The history of the Cortina Lotus began in 1961. Colin Chapman had been wishing to build his own engines for Lotus, mainly because the Coventry Climax unit was so expensive. Colin Chapman's chance came when he commissioned Harry Mundy (a close friend and designer of the Coventry Climax engine and technical editor for Autocar) to design a twin-cam version of the Ford Kent engine. Most of the development of the engine was done on the 997cc and 1,340cc bottom end, but in 1962 Ford released the 116E five bearing 1,498 cc engine and work centred on this. Keith Duckworth, from Cosworth, played an important part in tuning of the engine. The engine's first appearance was in 1962 at the Nürburgring in a Lotus 23 driven by Jim Clark. Almost as soon as the engine appeared in production cars (Lotus Elan), it was replaced with a larger capacity unit (82.55 mm bore to give 1,557 cc). This was in order to get the car closer to the 1.6 litre capacity class in motorsport.

While the engine was being developed, Walter Hayes (Ford) asked Colin Chapman if he would fit the engine to 1,000 Ford saloons for Group 2 homologation. Chapman quickly accepted, although it must have been very busy in the Cheshunt plant, with the Elan about to be launched. The Type 28 or Lotus Cortina or Cortina Lotus (as Ford liked to call it) was duly launched. Ford supplied the 2-door Cortina bodyshells and took care of all the marketing and selling of the cars, whilst Lotus did all the mechanical and cosmetic changes.

The major changes involved installing the 1,557 cc (105 bhp) engine, together with the same close-ratio gearbox as the Elan. The suspension changes were extensive; shorter struts up front, forged track control arms and 5.5J by 13 steel wheel rims. At the rear the leaf springs were replaced by vertical coil spring/dampers and an A- bracket (which connected to the differential housing and brackets near the trailing arm pivot) located the axle. Stiffening braces were put behind the rear seat and from the rear wheelarch down to chassis in the boot. The stiffening braces meant that the spare wheel had to be moved from the standard Cortina's wheel well and was bolted to the left side of the boot floor. The battery was also relocated to the boot, behind the right wheelarch. Both of these changes made improvements to overall weight distribution. Another improvement the Cortina Lotus gained was the new braking system (9.5 in front discs) which were built by brake specialist Girling. This system also was fitted to Cortina GTs but without a servo, which was fitted in the Cortina Lotus engine bay.

Lightweight alloy panels were used for doors, bonnet and boot. Lightweight casings were fitted to gearbox and differential. All the Lotus factory cars were painted white with a green stripe (although Ford built some for racing in red, and one customer had a dark blue stripe due to being superstitious about green). The cars also received front quarter bumpers and round Lotus badges were fitted to rear wings and to the right side of the radiator grille.

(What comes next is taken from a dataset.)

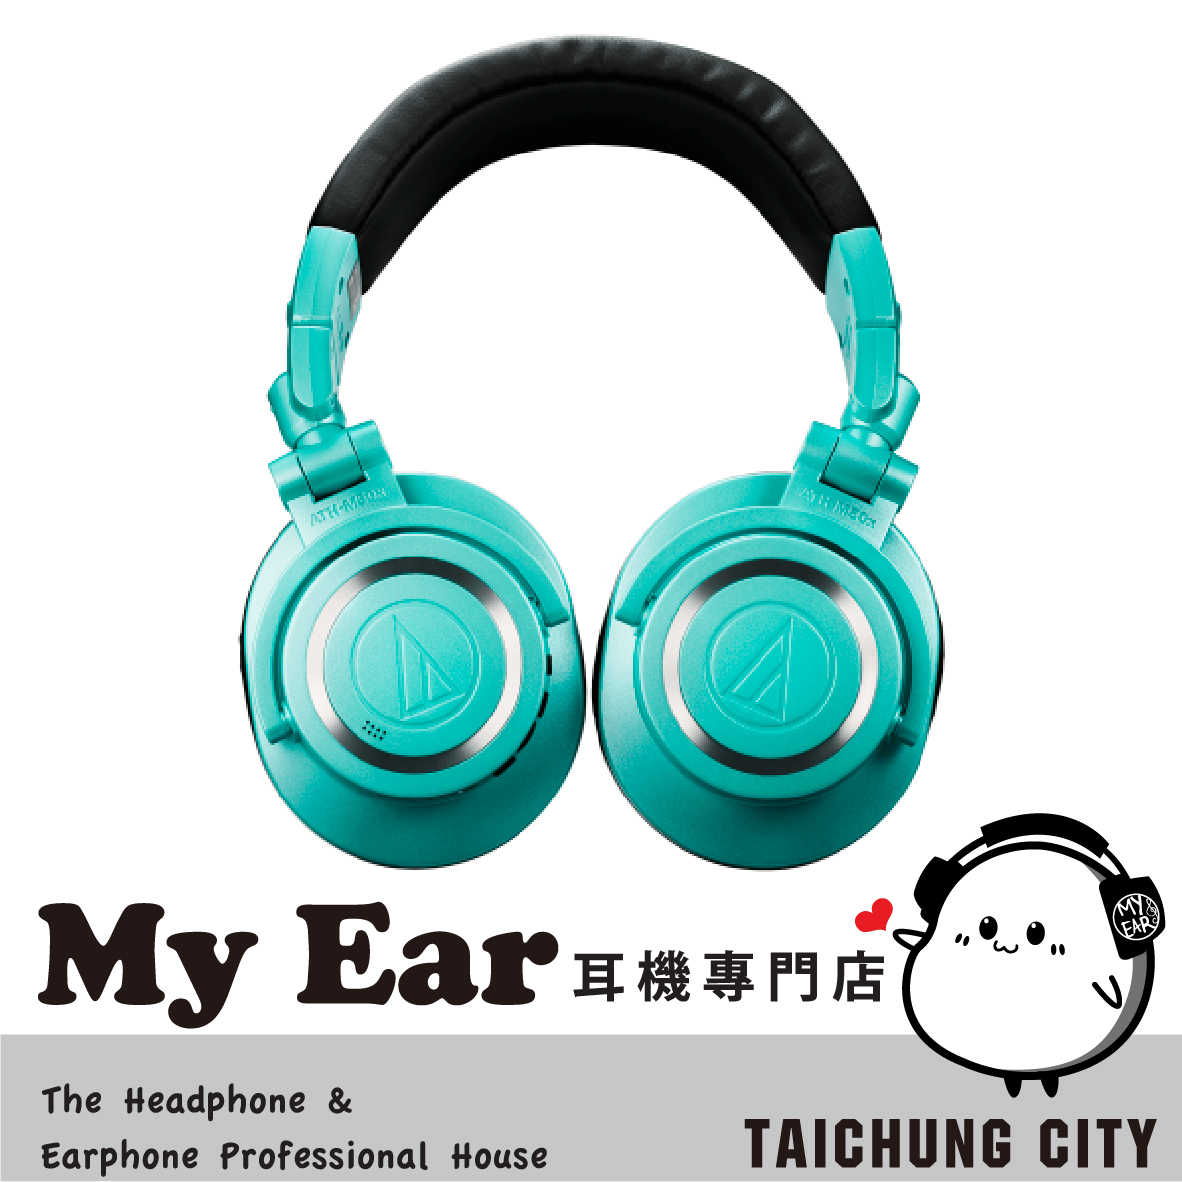 『預購』鐵三角 ATH-M50xBT2 內建擴大機 無線 耳罩式 耳機 藍芽 冰藍色 IB | My Ear 耳機專門店

Initially, the engines were built by J. A. Prestwich of Tottenham and then Villiers of Wolverhampton. In 1966, Lotus moved to Hethel in Norwich where they had their own engine building facilities. The Cortina Lotus used a 8.0 in diaphragm-spring clutch, whereas Ford fitted coil-spring clutches to the rest of the range. The remainder of the gearbox was identical to the Lotus Elan. This led to a few problems because although the ultra-close gear ratios were perfect for the race track or open road, the clutch was given a hard time in traffic: the ratios were later changed.

Interior modifications were limited to a centre console designed to accommodate the new gear lever position, different seats and the later style dashboard, featuring tachometer, speedometer, oil pressure, water temperature and fuel level gauges. A wood-rimmed steering wheel was fitted.

The early cars were very popular and earned some rave reviews; one magazine described the car as a tin-top version of a Lotus 7. It was 'THE car' for many enthusiasts who before had to settle for a Cortina GT or a Mini-Cooper and it also amazed a lot of the public who were used to overweight 'sports cars' like the Austin-Healey 3000. The launch was not perfect however, the car was too specialist for some Ford dealerships who did not understand the car; there are a few stories of incorrect parts being fitted at services. There were a few teething problems reported by the first batch of owners, (most of these problems show how quickly the car was developed) some of the engines were down on power, the gear ratios were too close and the worst problem was the differential housing coming away from the casing. This problem was mainly caused by the high loads put on the axle because of the A bracket it was an integral part of the rear suspension. This was made even worse by the fact any oil lost from the axle worked its way on to the bushes of the A bracket. There were four main updates made to the Mk1 Lotus during its production to solve some of these problems. The first change was a swap to a two-piece prop shaft and the lighter alloy transmission casing was changed to the standard Ford item; this also included swapping the ultra-close ratio gears for Cortina GT gear ratios, the main difference being that first, second and reverse were much lower (numerically higher) ratios. From 1964, standard steel panels were used rather than the light alloy ones, though alloy items and ultra-close ratios could still be specified when buying a new car.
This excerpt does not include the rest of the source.